(Beginning of Given data)

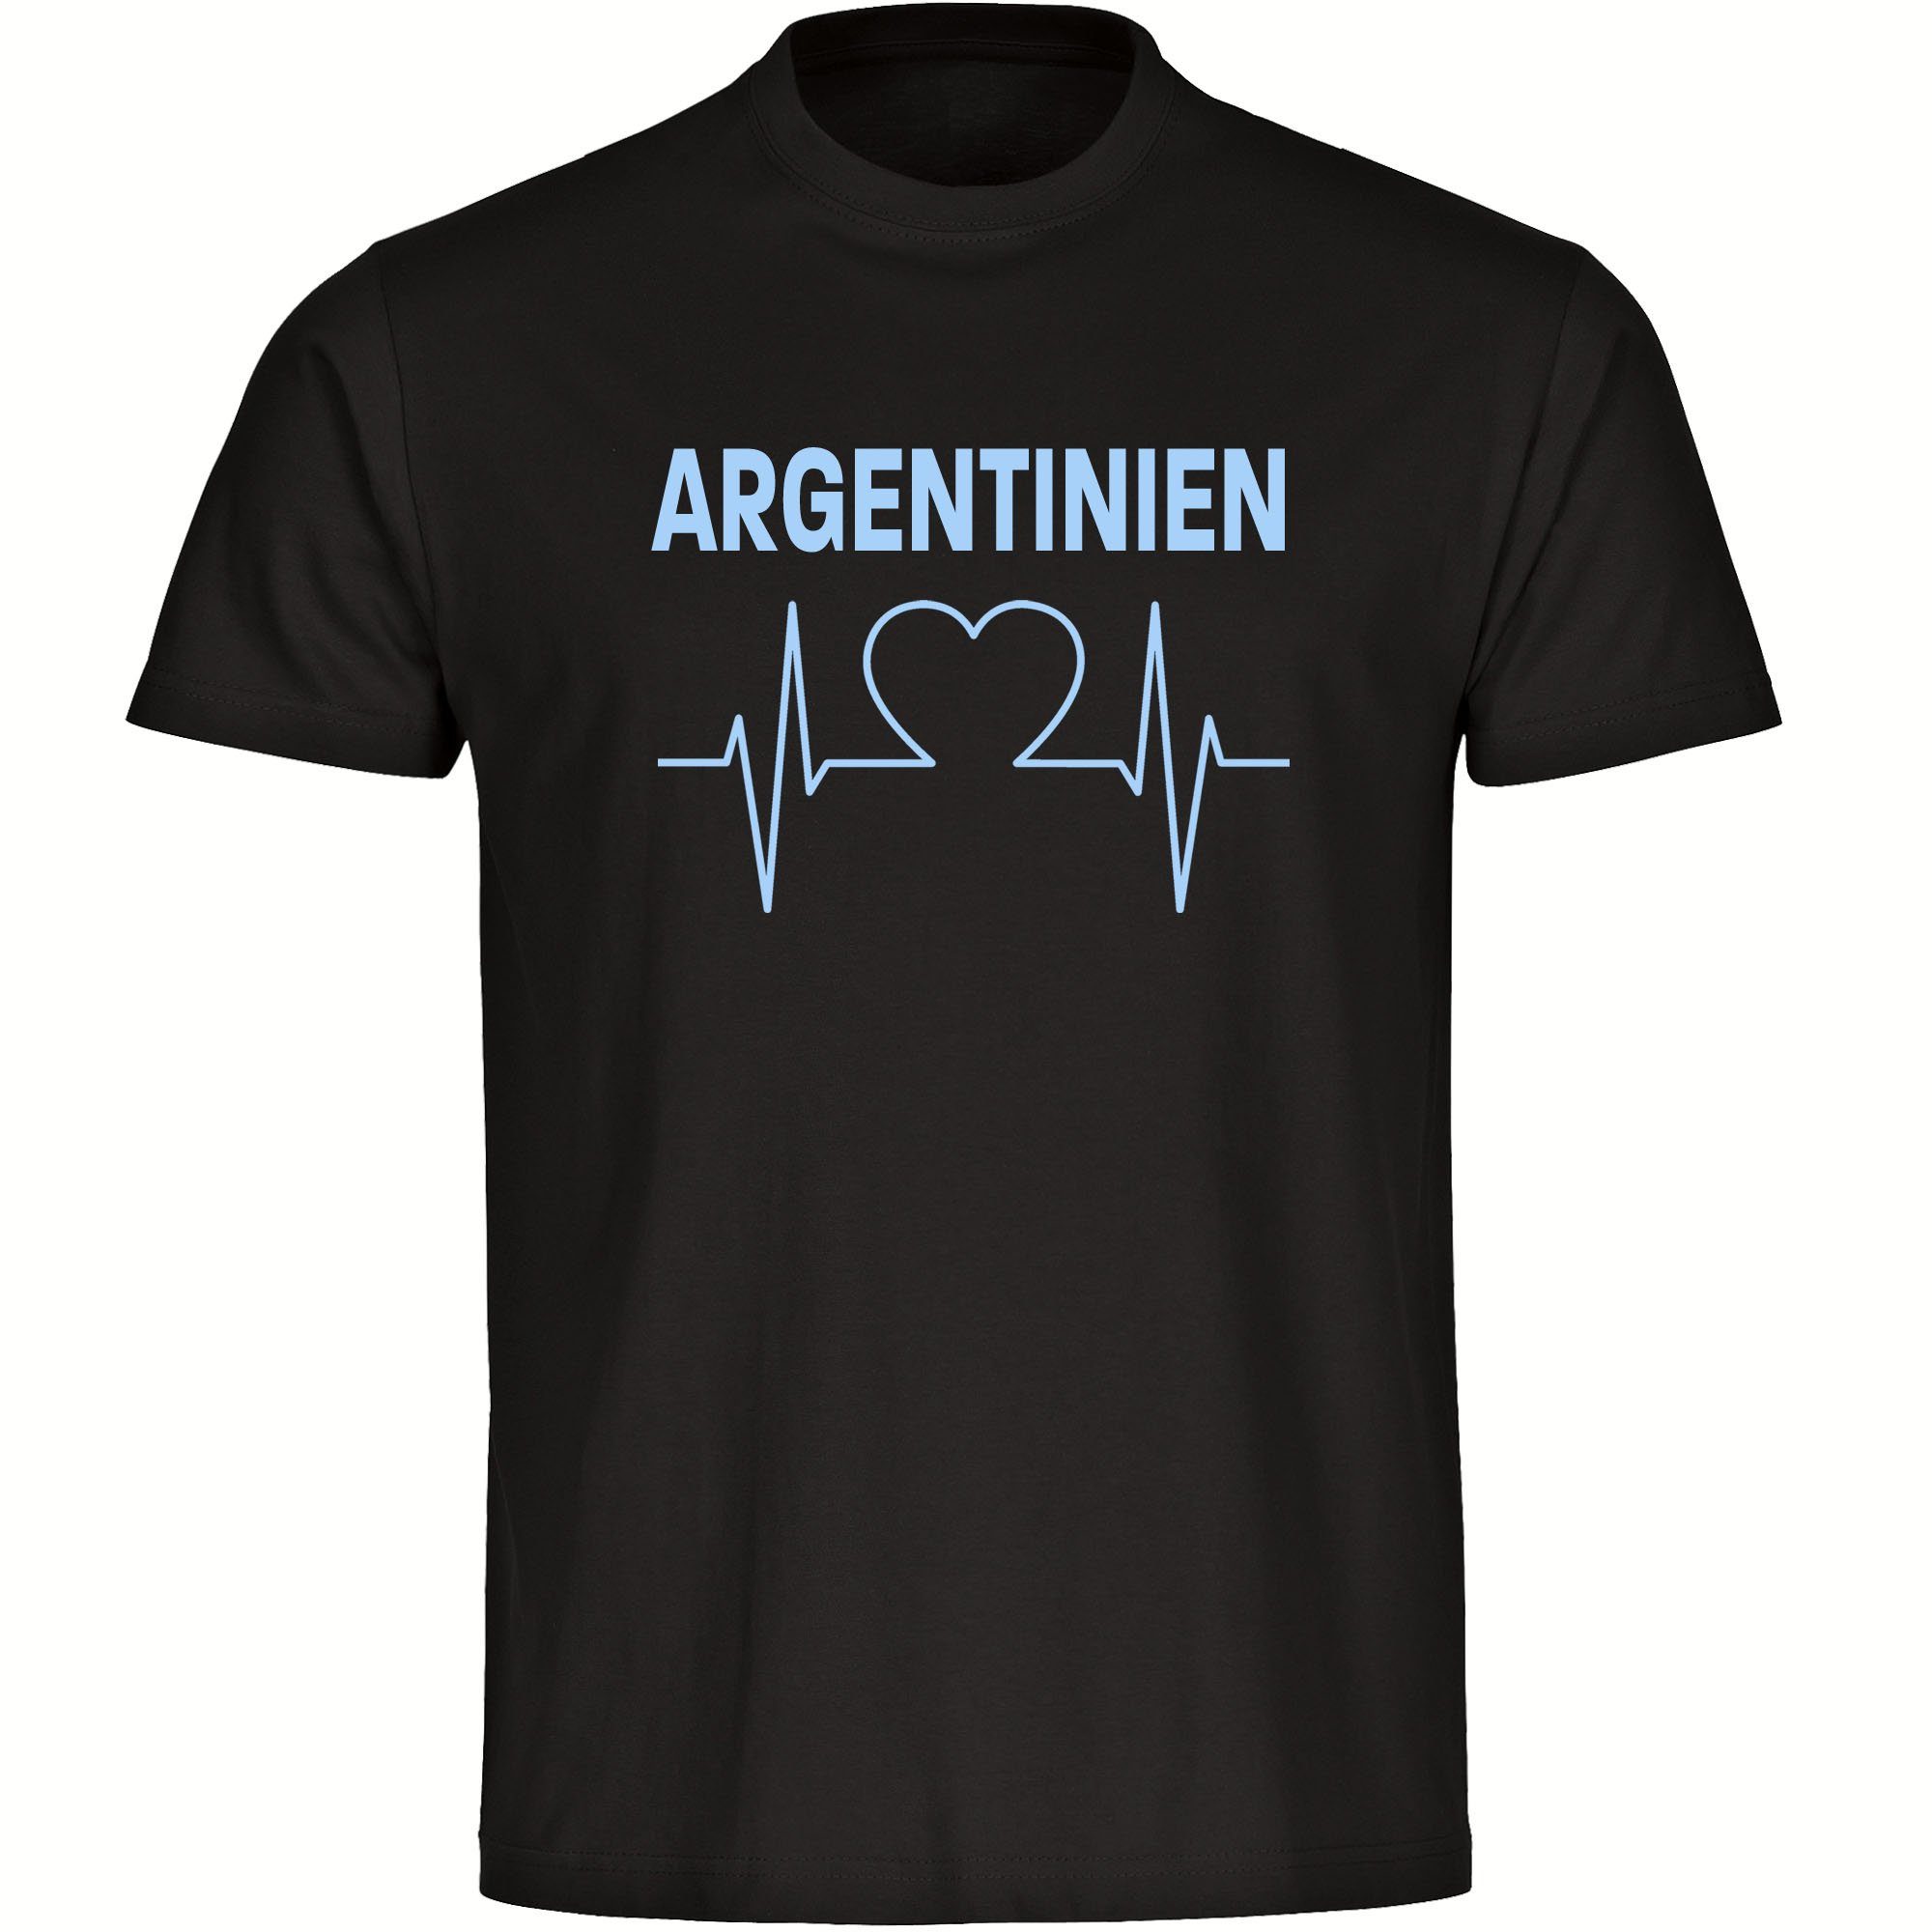 multifanshop T-Shirt Herren Argentinien - Herzschlag - Männer
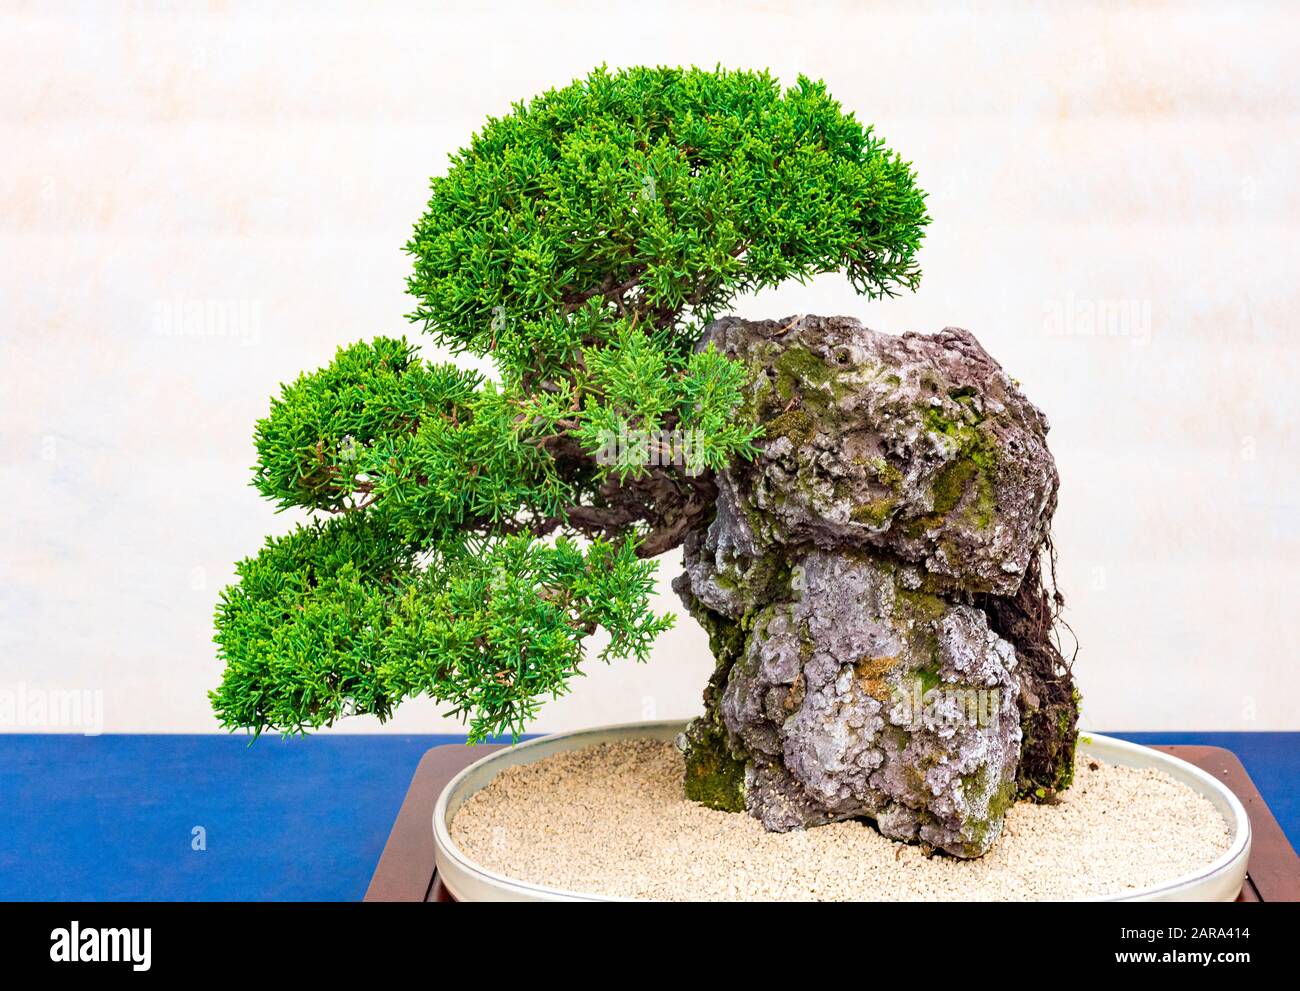 Un petit bonsai dans un pot en céramique. Bonsai -ishizuki- L'Un des styles les plus durs de bonsai à se développer. Banque D'Images
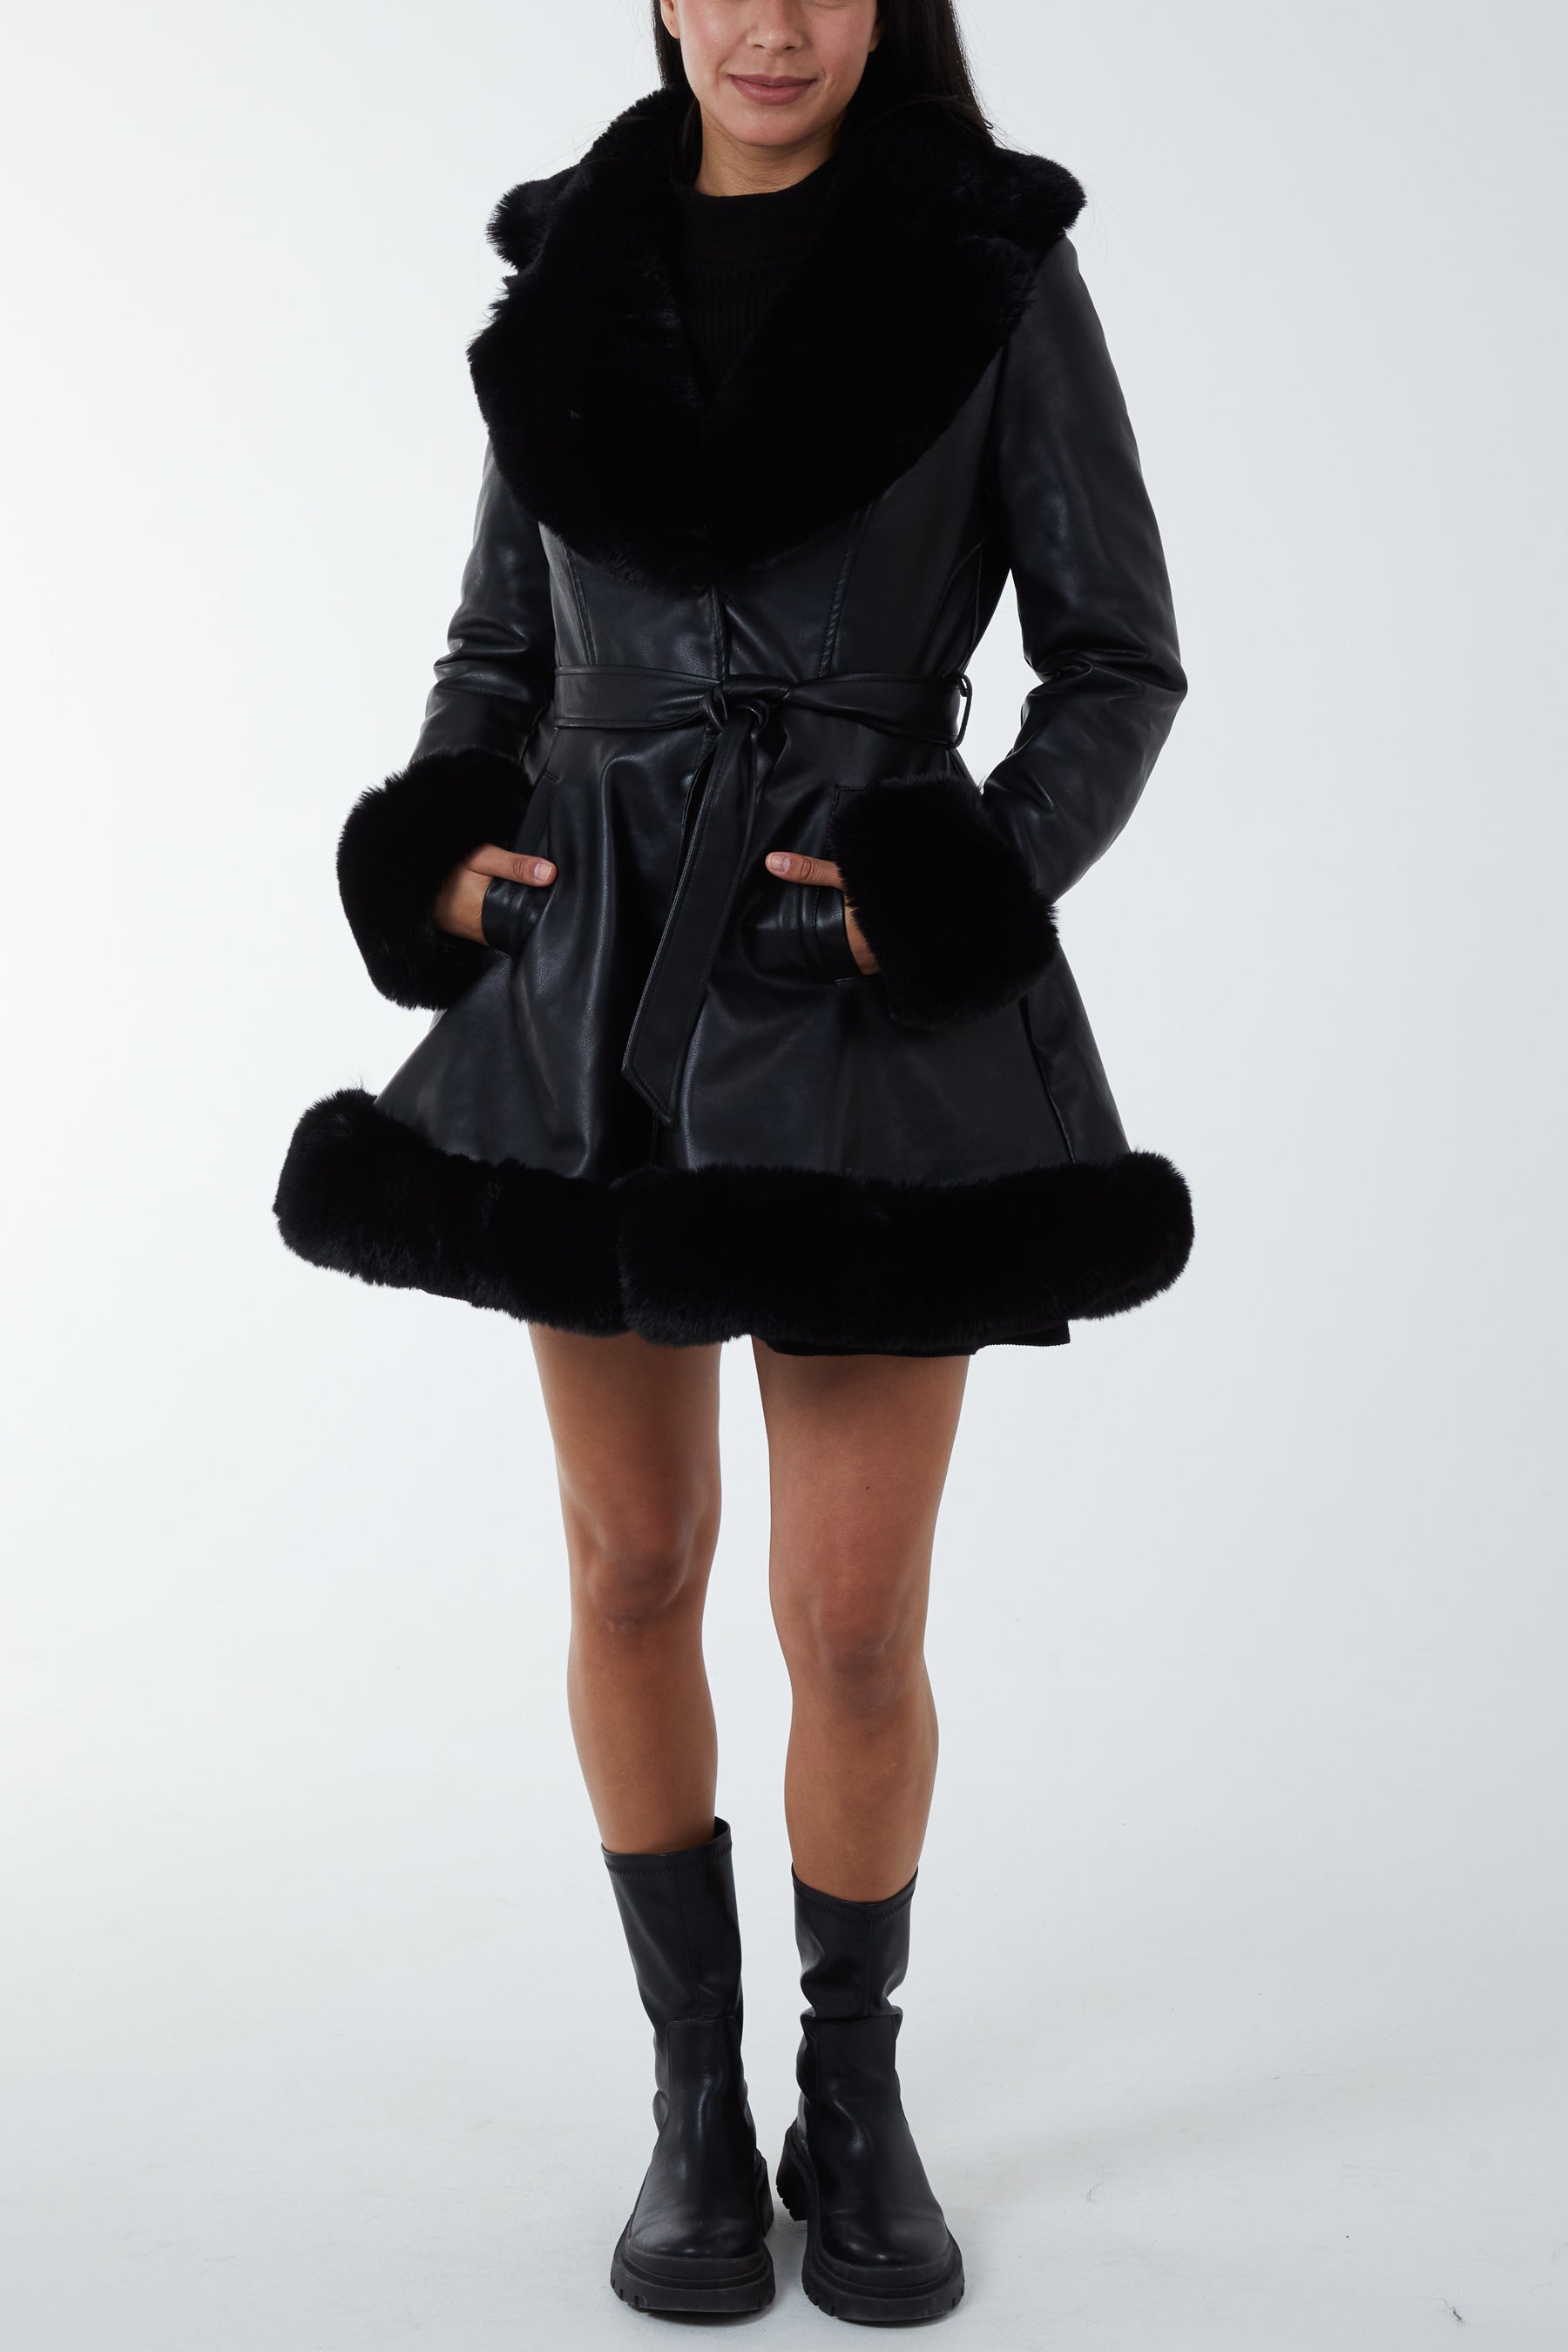 Fur Trimmed Belted Leather Skater Skirt Coat

(End of Given data)

#### [What you are asked to do]
Retype the data in full. Images do not go in the copy.

#### [Task solution]
 multifanshop T-Shirt Herren Argentinien - Herzschlag - Männer
 Un petit bonsai dans un pot en céramique. Bonsai -ishizuki- L'Un des styles les plus durs de bonsai à se développer. Banque D'Images
 Fur Trimmed Belted Leather Skater Skirt Coat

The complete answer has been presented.